Thank you for your inquiry. From what we gather from the question, you were asking about risk of acquiring HIV from a jock itch coming in contact with vaginal fluid and the validity of the fourth generation EIA testing. From the information given, having protected vaginal intercourse is considered Low Risk (Evidence of transmission occurs through these activities when certain conditions are met) Eg: Due to improper use and potential breakage of the condom.

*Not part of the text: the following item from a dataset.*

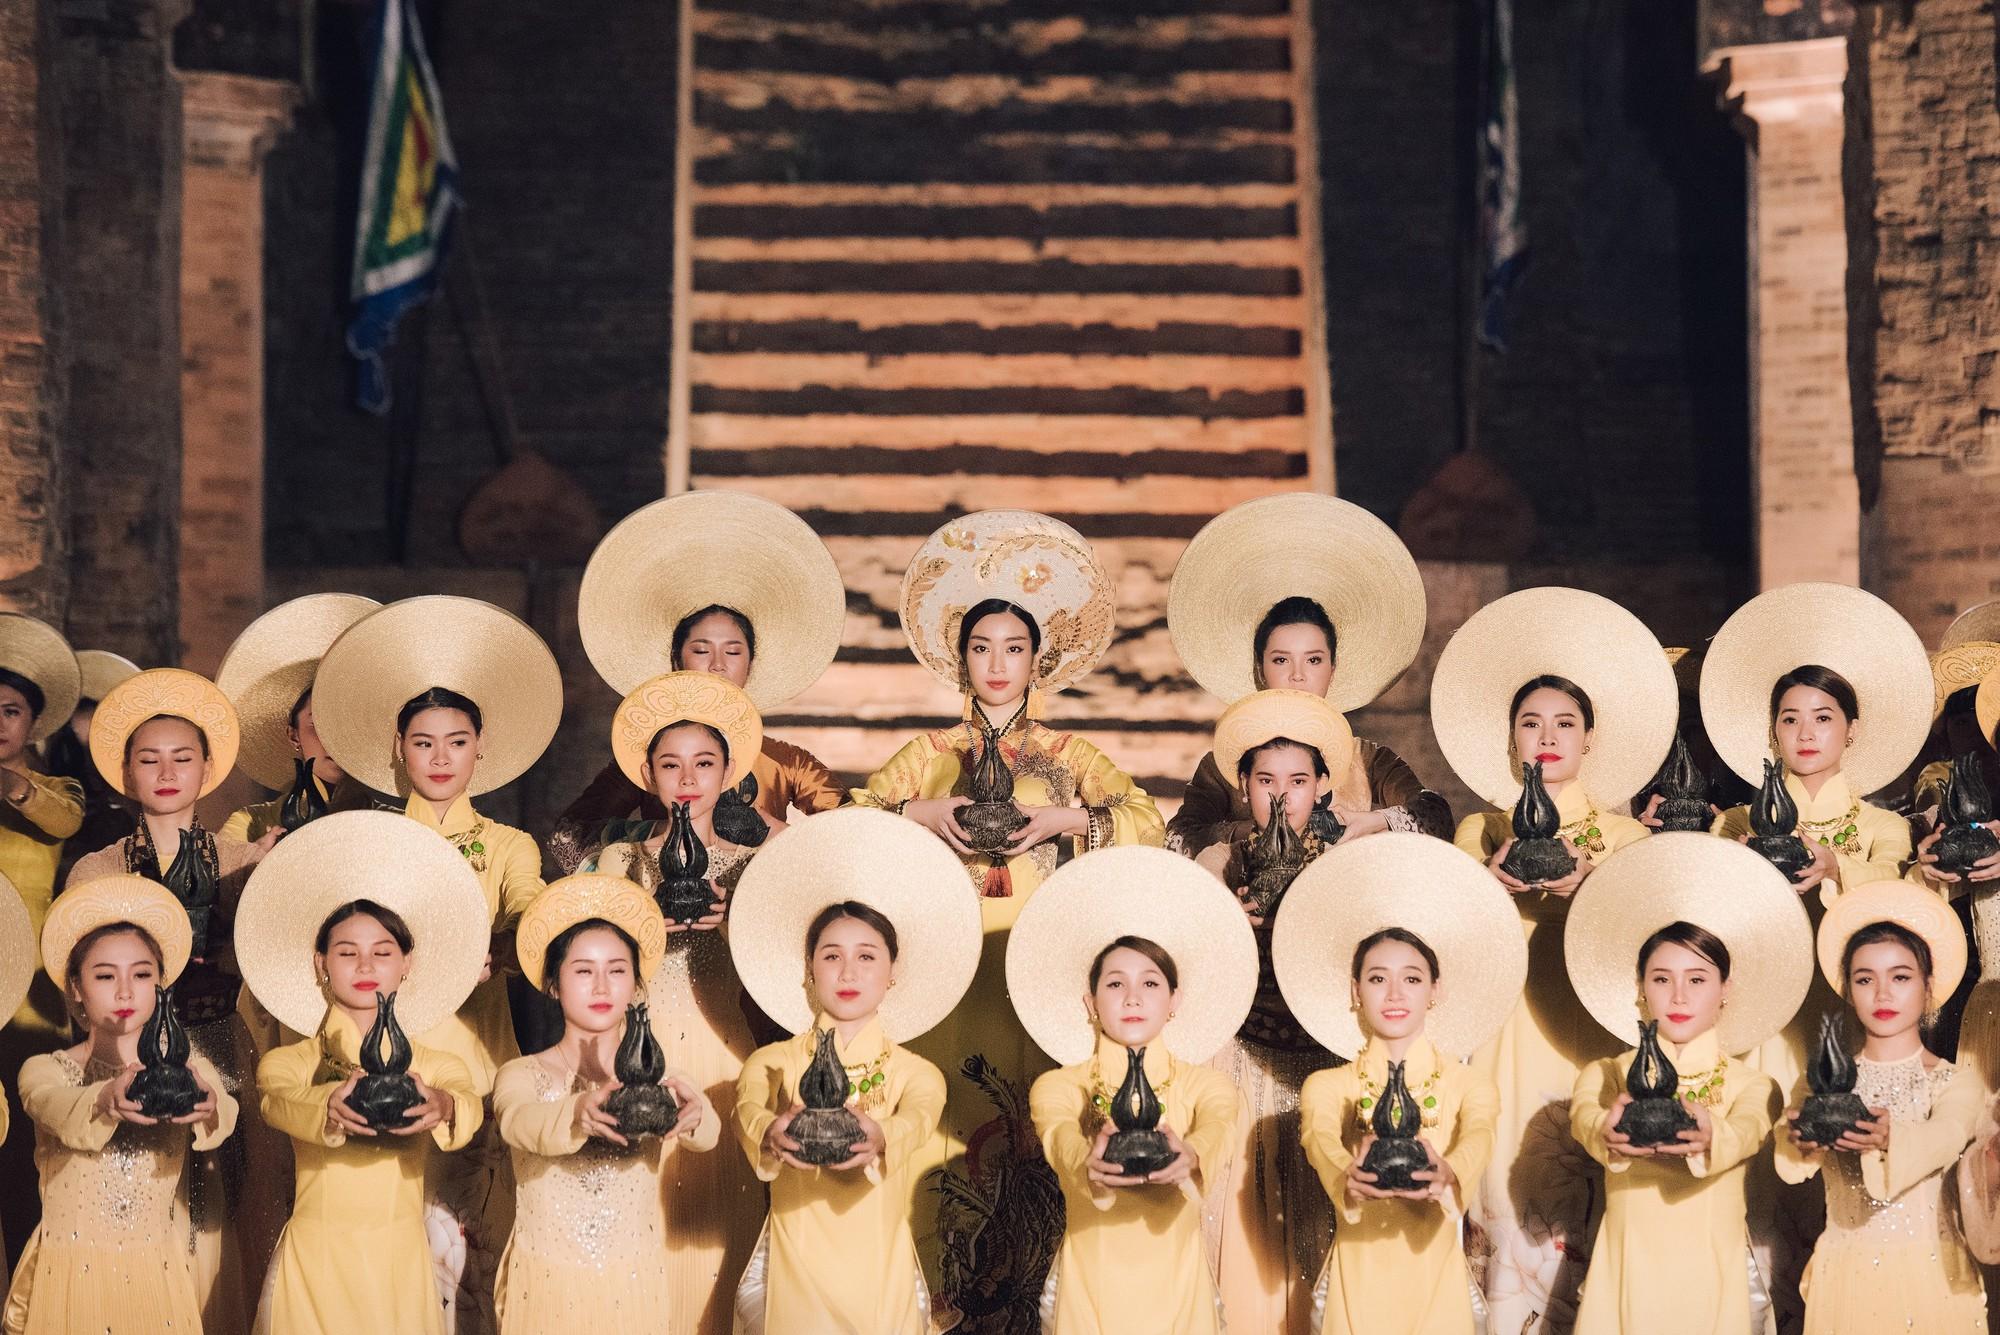 Đỗ Mỹ Linh trở thành đại sứ lễ hội Trầm hương Khánh Hòa - Ảnh 1.

Regarding your concerns about the jock itch: For you to get infected the vaginal fluid (which carry HIV) must gain direct access to the blood stream through open cuts/sores. In the above mentioned scenario the skin is intact and there is no active/visible bleeding from the rash therefore there is essentially no significant HIV-transmission risk (Essentially no open sores or bleeding wounds.) Most of the body's surfaces are dry skin (e.g Legs, arms) and they do not allow HIV to enter the body. Wet skin (or mucous membranes) is more vulnerable to HIV. These include: Foreskin and urethra in penis,Cervix and vagina, Anus and Rectum, Mouth and Throat ,Open cuts/ sores.
In order to contract HIV the following conditions must be met: There must be HIV present in a bodily fluid. The five bodily fluids that carry the HIV virus include: blood, semen (including pre-ejaculate), vaginal fluids, breast milk, and rectal secretions. The bodily fluid containing HIV must have direct access to the bloodstream. This can be through cuts, tears, rips, mucous membranes, open sores, or needles. Transmission occurs through a risky activity in which the first two conditions are met. For example: condom less sex, sharing needles, unsafe tattoos or piercings, vertical transmission–from mother to child (in utero, during delivery, breastfeeding).
4th Generation EIA (DUO) Test: The antigen (ag) portion of the test is detectable immediately after infection for the first 2-4 weeks. The antibody (ab) portion of the test has a window period of 4-12 weeks. Most HIV specialists consider this "DUO" test conclusive at 6 weeks. Official HIV testing guidelines still recommend re-testing at 3 months (12 weeks) for completely conclusive results.Accuracy is 99.9%. If the fourth-generation combination assay is negative, the person is considered HIV-uninfected, and no further testing needs to be done. Your tests results were negative at 38 days (which falls within the 6 week period). However, you can get tested at 12 weeks in order to get completely conclusive results.
Recommendation: Refer to Physician for HIV test
Regards, AIDS Vancouver Helpline/Online, Vardah.